O coordenador do Copropi aponta que, mesmo com verba reduzida, há uma distribuição desigual dos aportes entre as regiões. Segundo ele, algumas localidades do Norte e Nordeste, que conseguiram iniciar uma expansão, correm risco de não dar continuidade:
— Com o pouco recurso, a chance deles morrerem na praia, antes mesmo de se consolidarem, é muito grande, e correm o risco de desaparecerem em pouco tempo. Para a ciência brasileira, com grande potencial mas sem recursos, vai ser uma tragédia —diz.
Defasagem
Além da falta de bolsas, a carreira de pesquisador acadêmico também atrai cada vez menos pela falta de reajuste de bolsas desde 2013. Hoje, elas pagam R$ 1.500 para mestrado e R$ 2.200 para doutorado.

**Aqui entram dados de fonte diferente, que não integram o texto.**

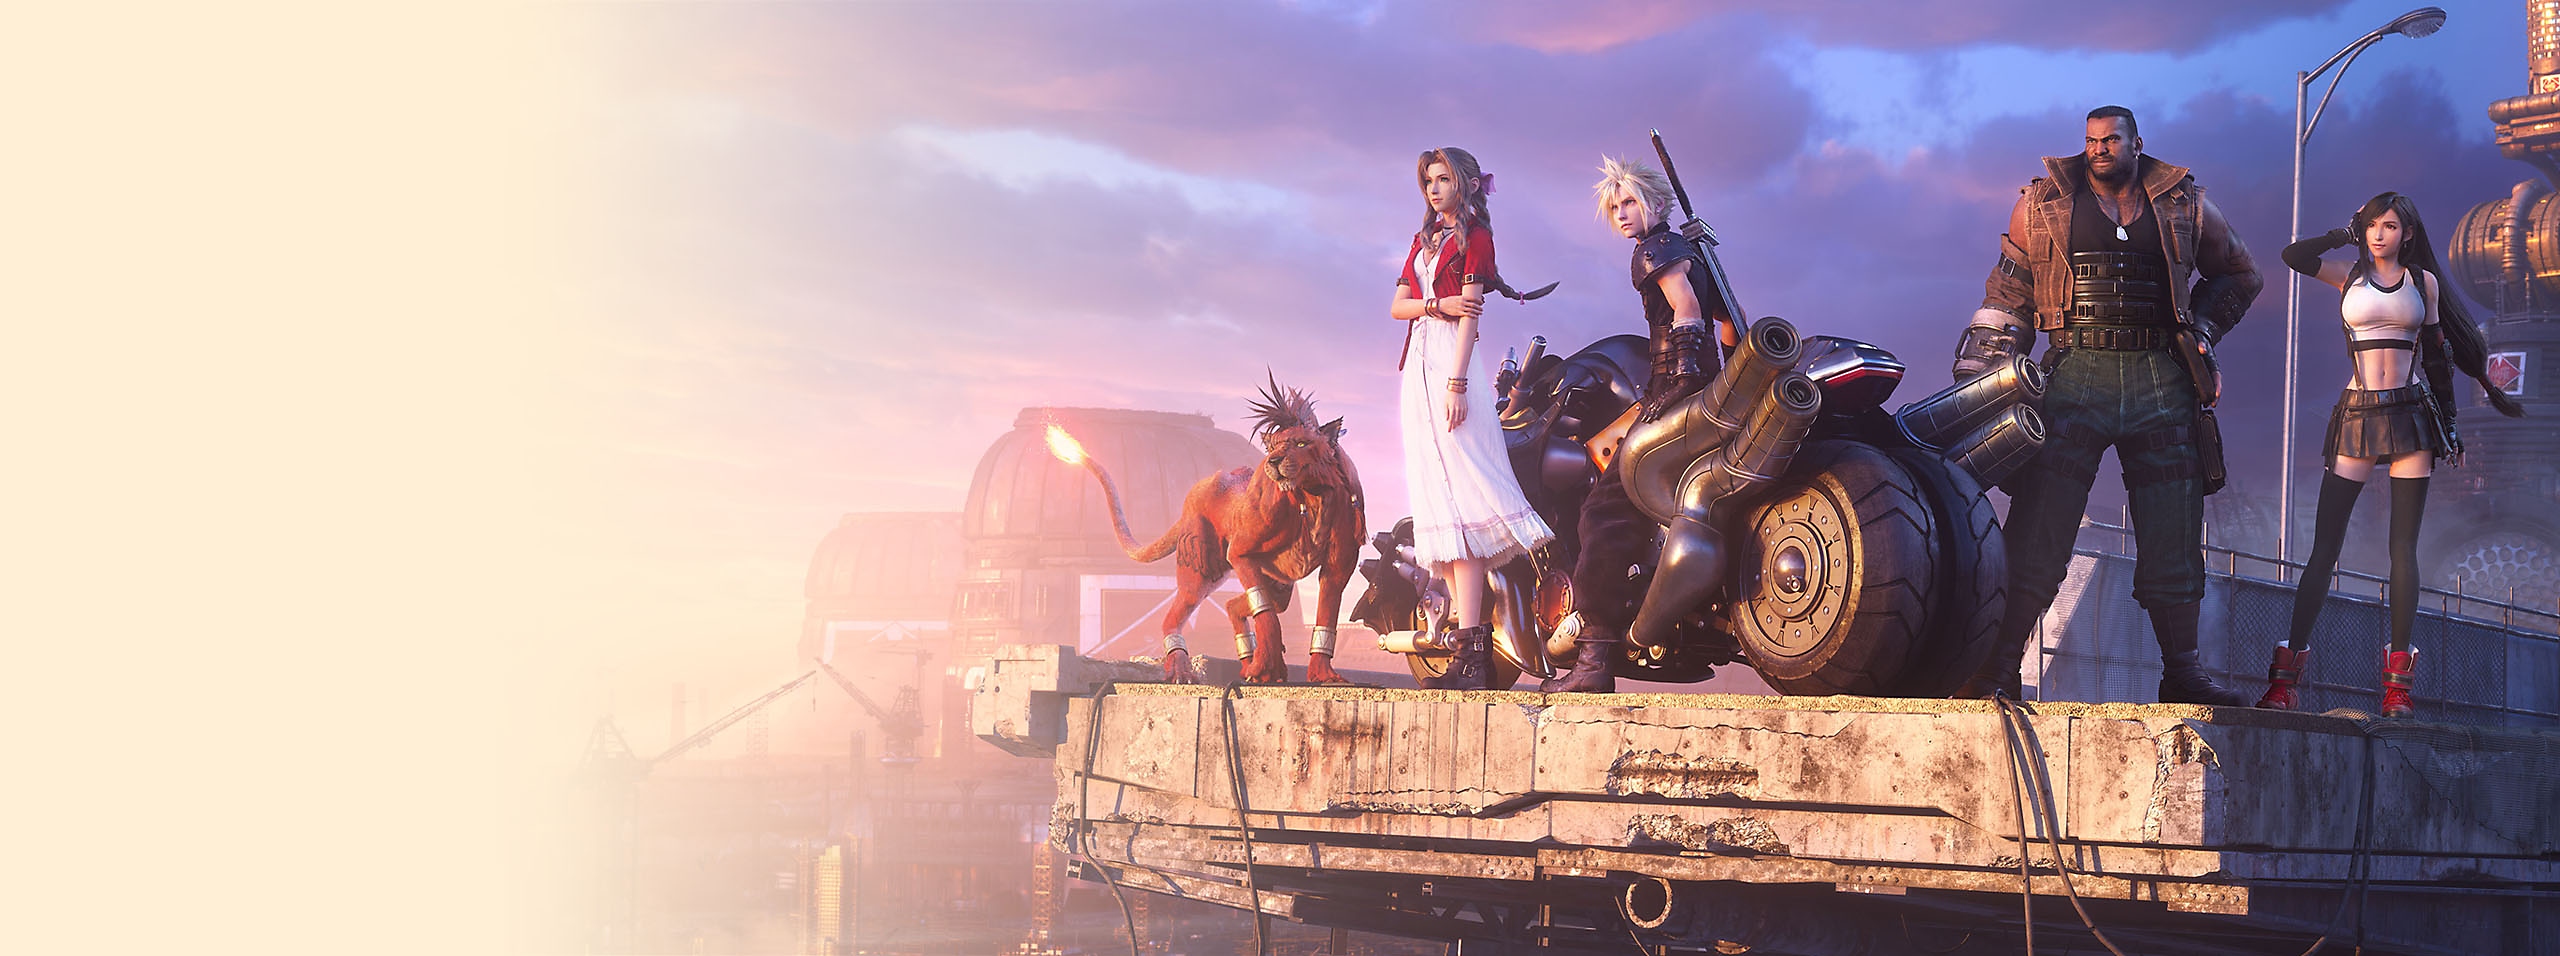 Key art for Final Fantasy VII Remake, featuring (left-to-right) Red XIII, Aerith, Cloud and Barret.
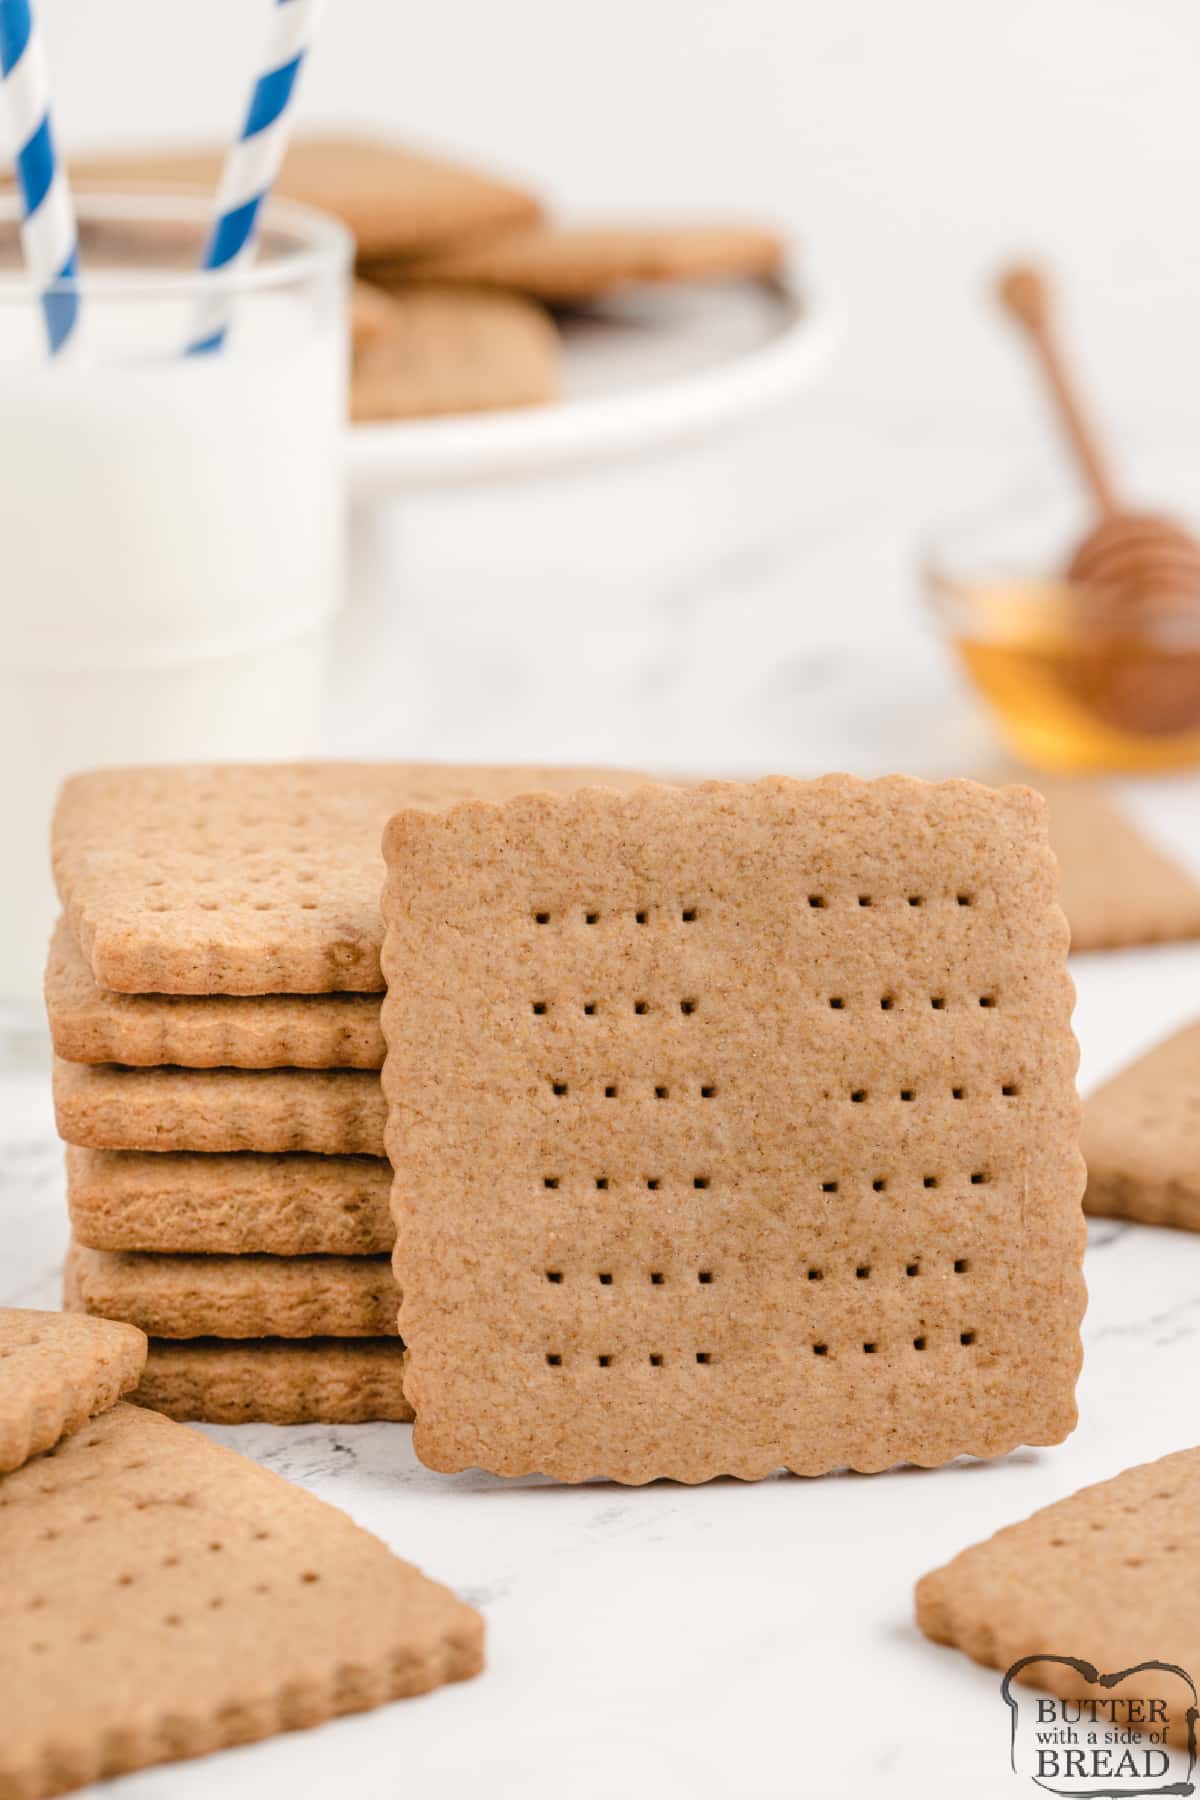 Graham cracker recipe made with whole wheat flour and honey

Entretanto, o valor está bem aquém do que deveria ser pago, segundo levantamento da ANPG de 2020. A associação aponta que há desvalorização das bolsas de mestrado em 170% e de doutorado em 306%. Com as correções monetárias e inflacionárias, elas deveriam ser de R$ 3.555,35 e R$ 5.437,61, respectivamente.
Segundo Gontijo, o corte e o congelamento das bolsas afasta alunos de camadas populares das pós-graduações que, em geral, não possuem redes de proteção para que eles se mantenham nas pesquisas sem que recebam por isso.
— Vemos uma pós-graduação voltando a ser cada vez mais elitista e majoritariamente branca — diz.
O GLOBO procurou o Ministério da Ciência, Tecnologia e Inovação e o CNPq, mas não recebeu posicionamento.